Putting together a college list is difficult for anyone applying to college, and for student athletes, the considerations multiply. Not only do you want to find a school that’s a good fit for you academically and personally, you also need to consider whether you will be a viable recruit, given the competitiveness of the team and your own abilities.
Once you have a good sense of your overall competitiveness and have talked to your coach about your potential as a recruit, it’s time to research colleges! In addition to deciding whether you’re aiming for D1 or D3, make sure you investigate how competitive each school’s tennis team is and how well your experience situates you for joining it.
Once you have a few schools at which you’re seriously interested in becoming a recruit, reach out to those coaches to introduce yourself and express your interest in joining the team.
As the adage goes, you only get one chance to make a first impression, so make it a good one! If you call, be ready with your GPA, UTR, ranking, and win record. If you email, be polite and brief; attach an athletic resume, highlight video, and transcript. Make sure you show genuine interest in the team and the school. You want them to be aware that they’re a top choice for you.
Finally, if there’s a recruitment form or questionnaire on the school’s website, which there almost always is, be sure to fill it out! There may be important questions about your results, goals, experiences, and other physical stats that coaches need to know.
Once you start communicating with coaches, you’ll need to keep up the relationship. Continue following up with coaches as the season continues. Send video of your skills, team results, and academic updates. By establishing this foundation with coaches, you’re more likely to have them express interest in you during the summer before your senior year.
As you talk to coaches, make sure you ask the right questions. Think of every conversation with a coach as a miniature interview.

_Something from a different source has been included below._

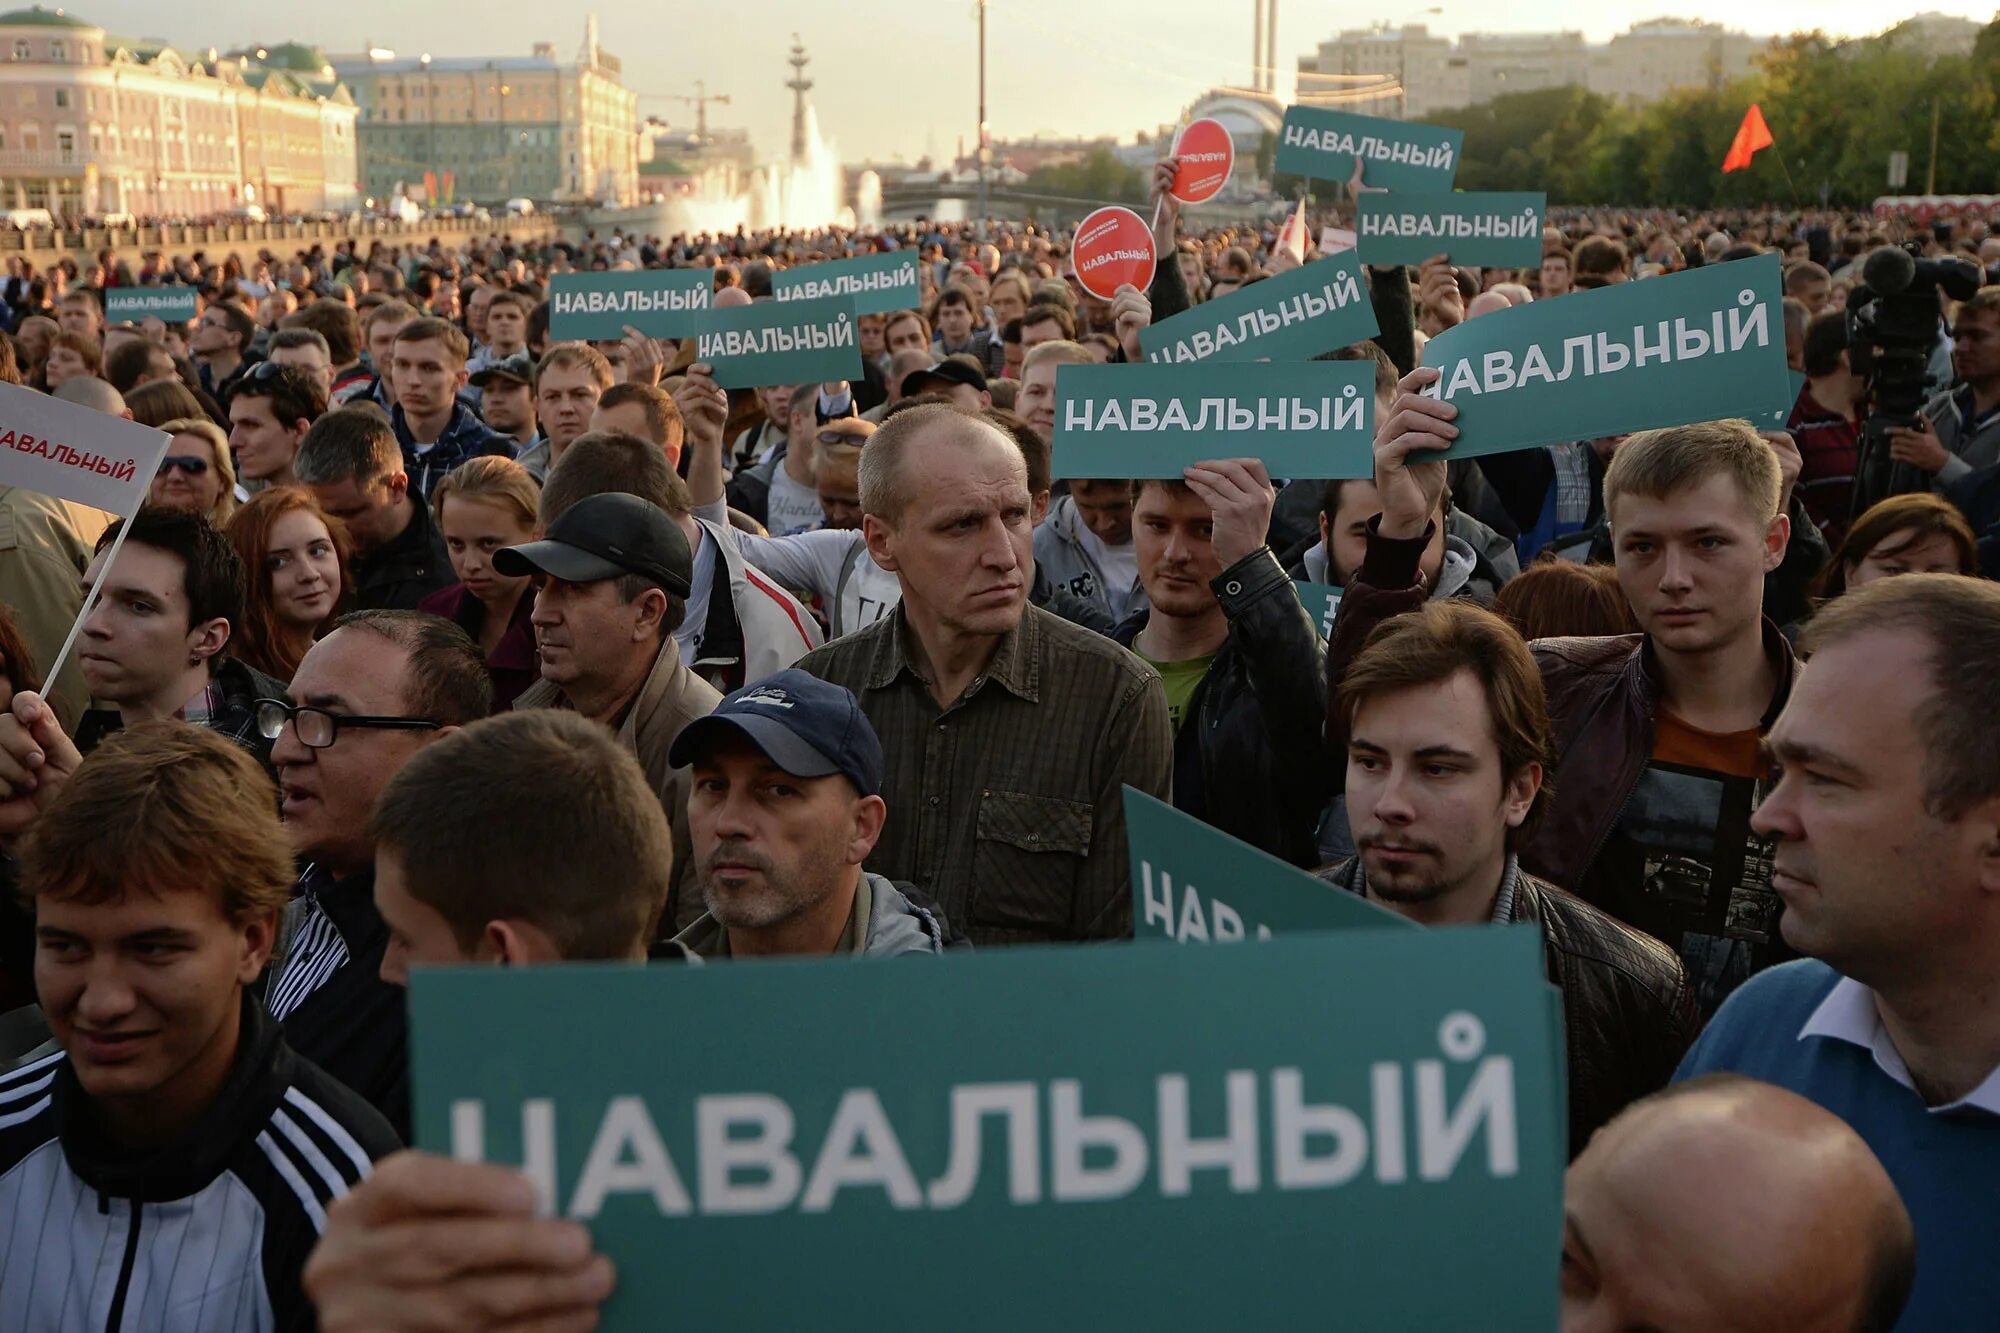 Навальный Болотная площадь. Сторонники Навального. Навальный на Болотной. Политическая оппозиция. Оппозиционные силы перед началом первой

Not only do you need to present yourself well, but you should also take the opportunity to learn more about the school and show your sincere interest by asking questions that clearly show your knowledge of the school and the tennis team.
At the end of the day, there’s no single pathway to tennis recruitment. Above all, the best thing you can do to maximize your chances of becoming a recruit is to stay proactive and involved. Don’t wait for coaches to reach out to you! Put in the time to get yourself out there, and take the initiative to express interest in and enthusiasm for your top-choice schools.